Table 2. Final Antifungal Susceptibility Test Results and Report Comment for Candida krusei
Because antifungal treatment is often empiric, IR comments may be helpful to report before AFST results are available so certain drugs might be avoided. IR comments may be linked with an isolate (rather than with AFST results) so that they are released with the organism name alongside other comments such as “AFST results pending.” A simple report comment, such as “C. krusei is intrinsically resistant to fluconazole,” can be helpful in guiding empiric therapy. Such IR comments are particularly helpful when the fungus must be sent out to a reference laboratory for testing and the turnaround time to results will be prolonged. They can also be helpful even if AFST is not performed on an isolate, in order to lead the clinician away from using a certain antifungal agent.
Reporting decisions for IR should be undertaken by the microbiology laboratory in consultation with the antimicrobial stewardship team and other relevant institutional stakeholders.

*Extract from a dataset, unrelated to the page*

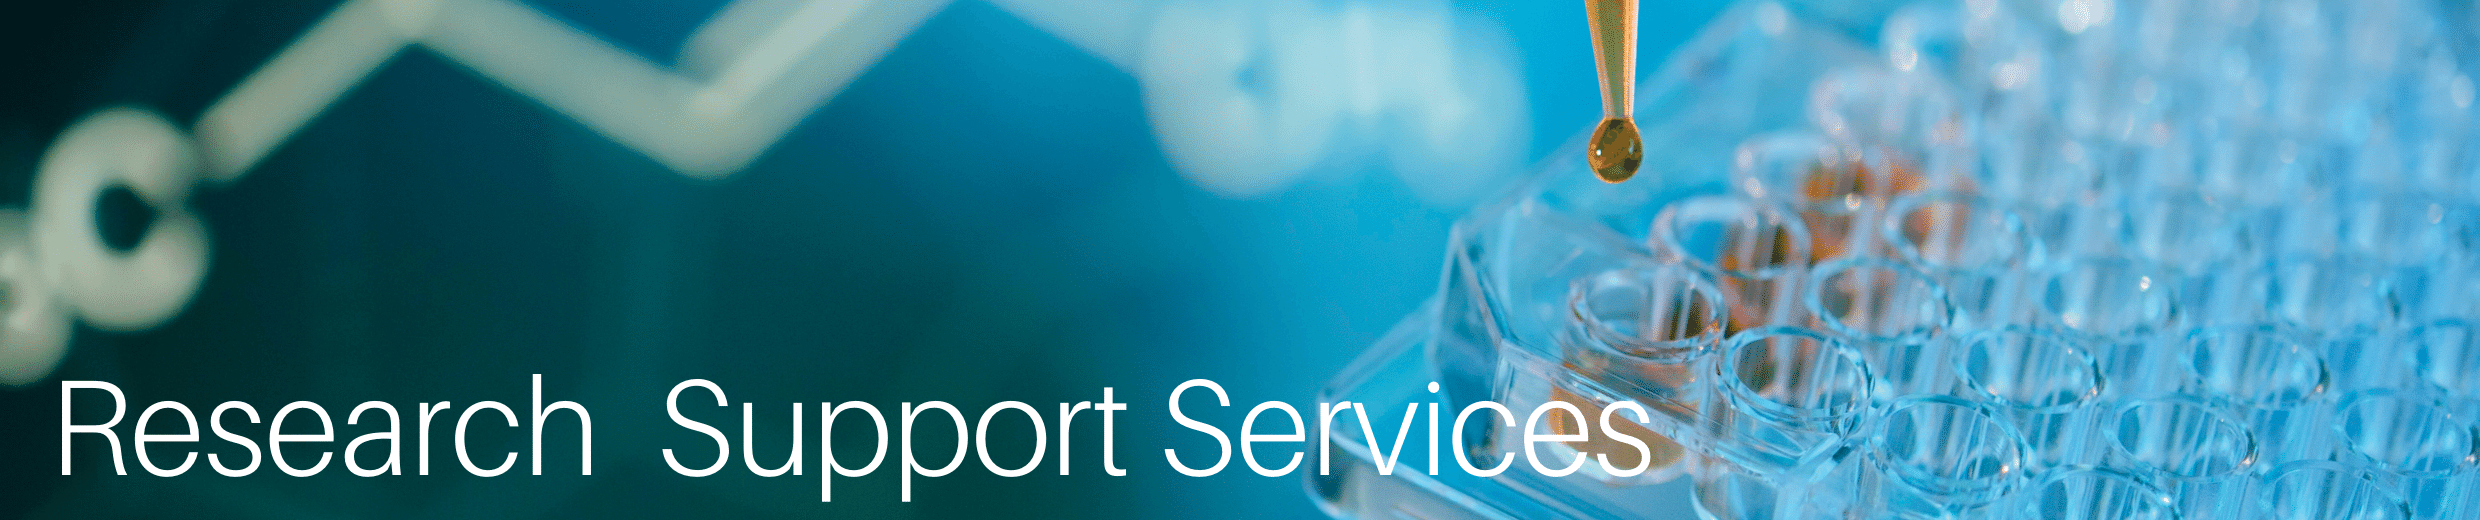 Research Support Services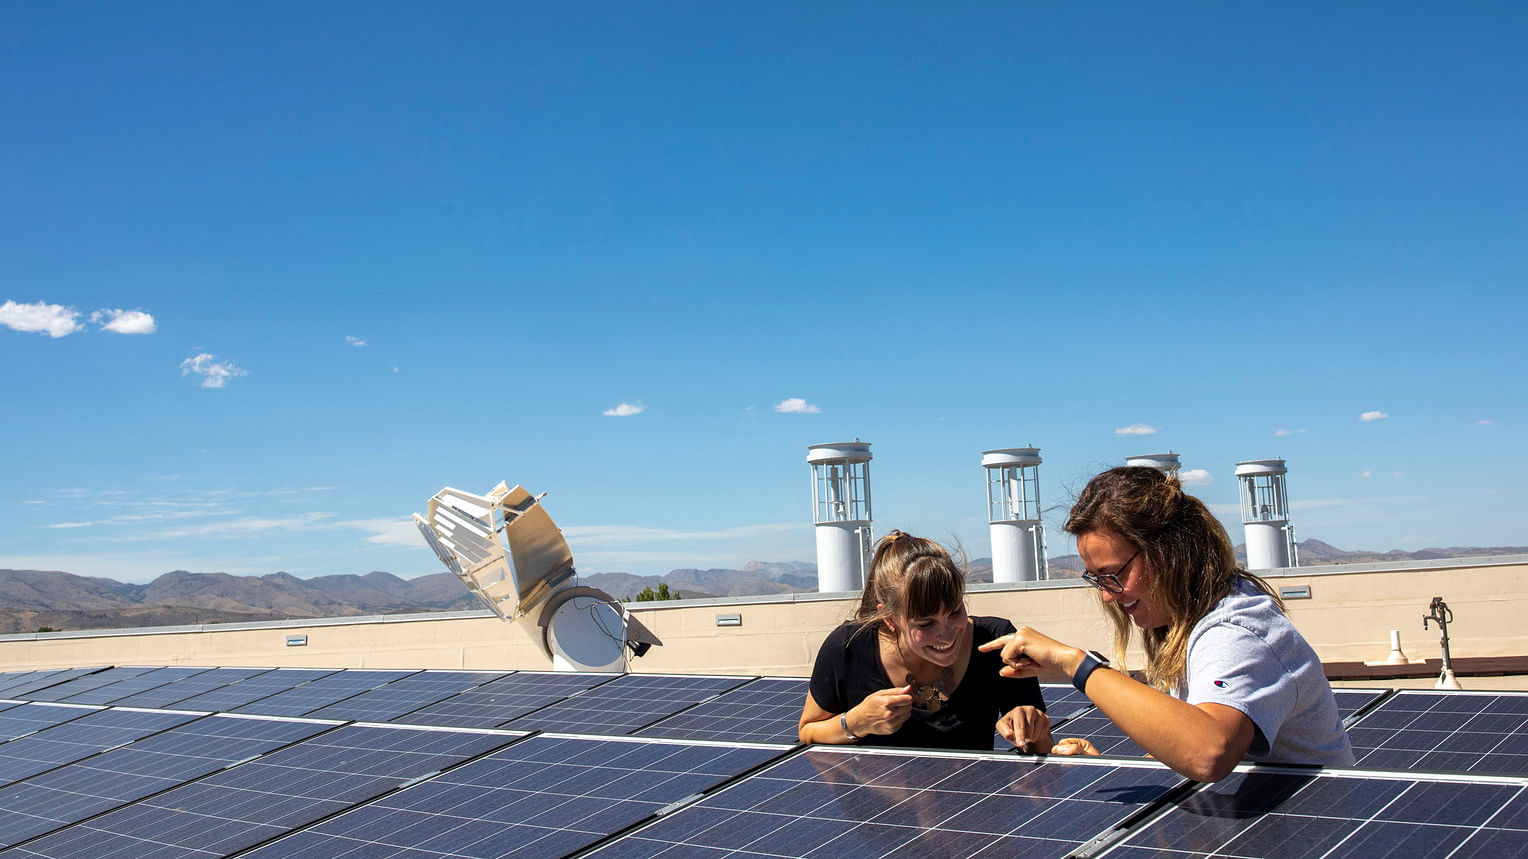 Students at the University of Colorado inspect a solar panel. Scientists say that we will need to find alternate material to construct panels in the future, and that we must also introduce a robust recycling method to salvage valuable materials from panels which reach the end of their life. Courtesy: US State Department

Over 20 fungal-antifungal combinations have been assessed for IR by CLSI, and IR has been determined for several fungi, including yeasts and molds. Intrinsic resistance tables are available in appendixes of the M27M44S (yeast) and M38M51S (mold) documents.1,3 M27M44S is now freely available online. Refer to Table 3 below which was extracted from M27M44S for a list of yeasts which are intrinsically resistant to certain antifungal agents. The M57S document on ECVs for fungi includes a comprehensive summary table outlining available breakpoints, ECVs, and IR for all fungi (yeasts and molds) in Table 6.2
Table 3. Intrinsic Resistance of Yeasts1
Case Follow-up:
The patient’s symptoms resolved with antibiotics and drainage of the abscess. She was discharged home on daptomycin, ertapenem, and voriconazole. The ertapenem was maintained for gram-negative and anaerobic coverage. It is common practice to include such antimicrobials to provide coverage for the variety of bowel microbiota which may be present but may not be recovered in culture.
References
1 CLSI. Performance Standards for Antifungal Susceptibility Testing of Yeasts. 3rd ed. CLSI supplement M27M44S. Clinical and Laboratory Standards Institute; 2022.
2 CLSI. Epidemiological Cutoff Values for Antifungal Susceptibility Testing. 4th ed. CLSI supplement M57S. Clinical and Laboratory Standards Institute; 2022.
3 CLSI. Performance Standards for Antifungal Susceptibility Testing of Filamentous Fungi. 3rd ed. CLSI supplement M38M51S. Clinical and Laboratory Standards Institute; 2022.